Five Ideas for the 117th Congress Rules Package in Government Reform

Congressional Calendar and Schedule

The House calendar is inefficient for legislative activity. The House spends too little time in Washington to build relationships, meaningfully engage with their committee work, and adequately deliberate on the important issues of the day. At the same time, the typical day-to-day schedule for members of Congress is frenetic and impractical. BPC analysis found that extensive committee scheduling conflicts affected as much as 30 percent of the House on one recent day.

Modernizing Congress

The House Modernization Committee recently reported its final recommendations. Key BPC-supported recommendations for Rules Committee consideration include:

  • Improving the Congressional Schedule and Calendar: Adopting block scheduling reforms to reduce committee scheduling conflicts and better divide time between district and DC work periods.
  • Restoring Article I Powers: Creating a new and fully transparent system for lawmakers to weigh in on how funds are spent in the communities they represent rather than delegate that authority to unelected decisionmakers in the executive branch.
  • Reforming the Budget and Appropriations Process: Requiring a biennial budget to combat the dysfunction in the current budget and appropriations process.

Amendments

The ability to participate in the amendment process has declined since the 110th Congress.

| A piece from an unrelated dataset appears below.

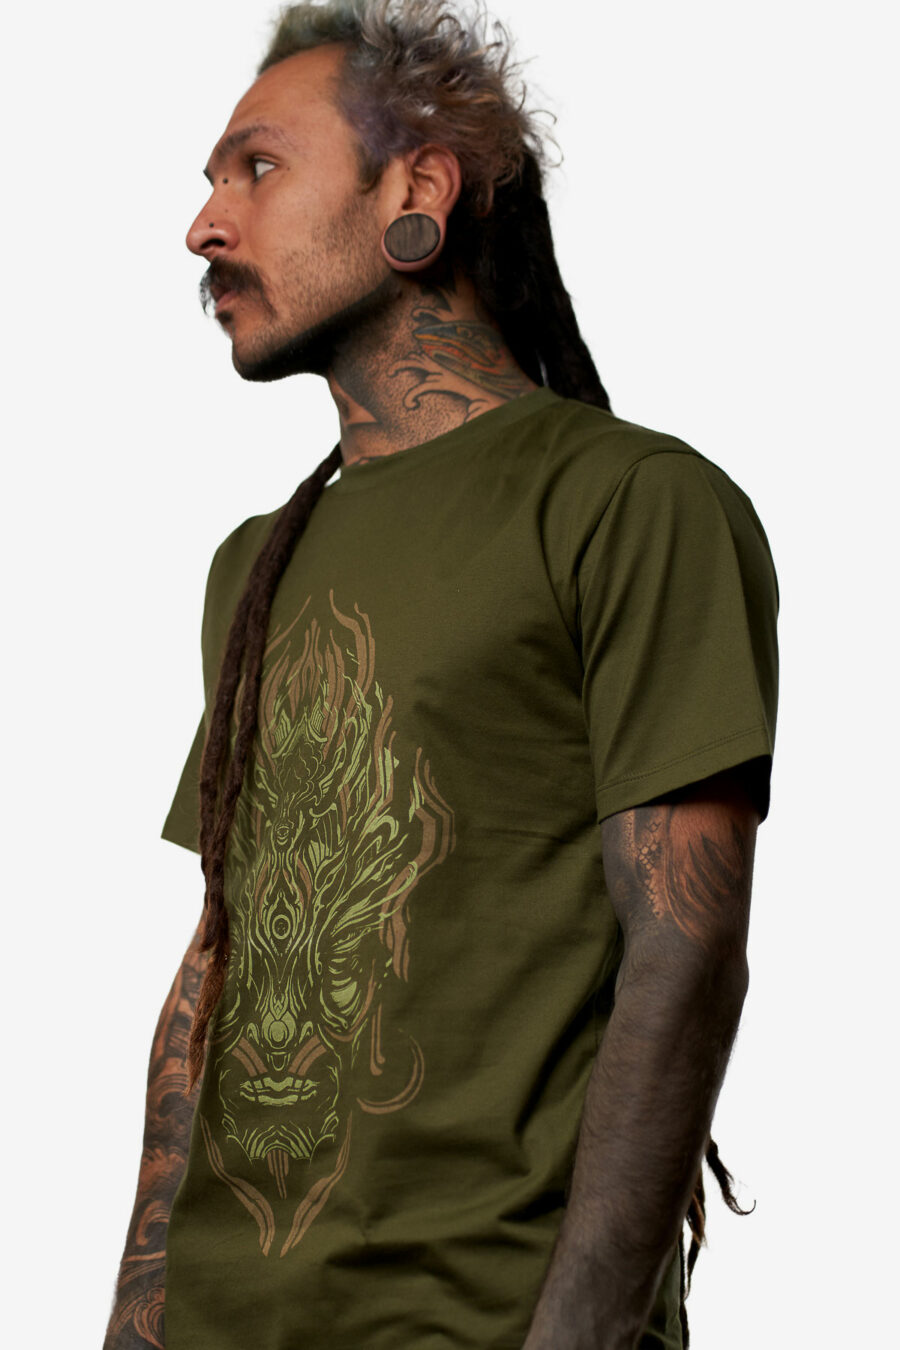 inter-dim-being-green-t-shirt-for-men-alternative-fashion-and-festival-wear-avanyah-clothing

Members have not been able to offer any amendments to more than half of the bills reported by the Rules Committee in both in the current and 115th Congresses, despite promises from leadership in both parties to move in the opposite direction. 

Unreported Measures

Unreported measures continue to make up a large share of the bills that come to the House floor despite new House rules creating a point of order against the consideration of measures not reported by a committee, giving members less opportunity to contribute to drafting legislation. 60% of those unreported measures in the 116th Congress were considered under a closed rule, meaning the bills were neither reported by committee nor did members have an opportunity to amend.

Consensus Calendar 

Despite creating a new expedited mechanism at the start of the 116th Congress to advance bipartisan legislation to the floor, it has been used relatively little: Only one bill was placed on the consensus calendar in July 2019 and no further action on the bill has occurred.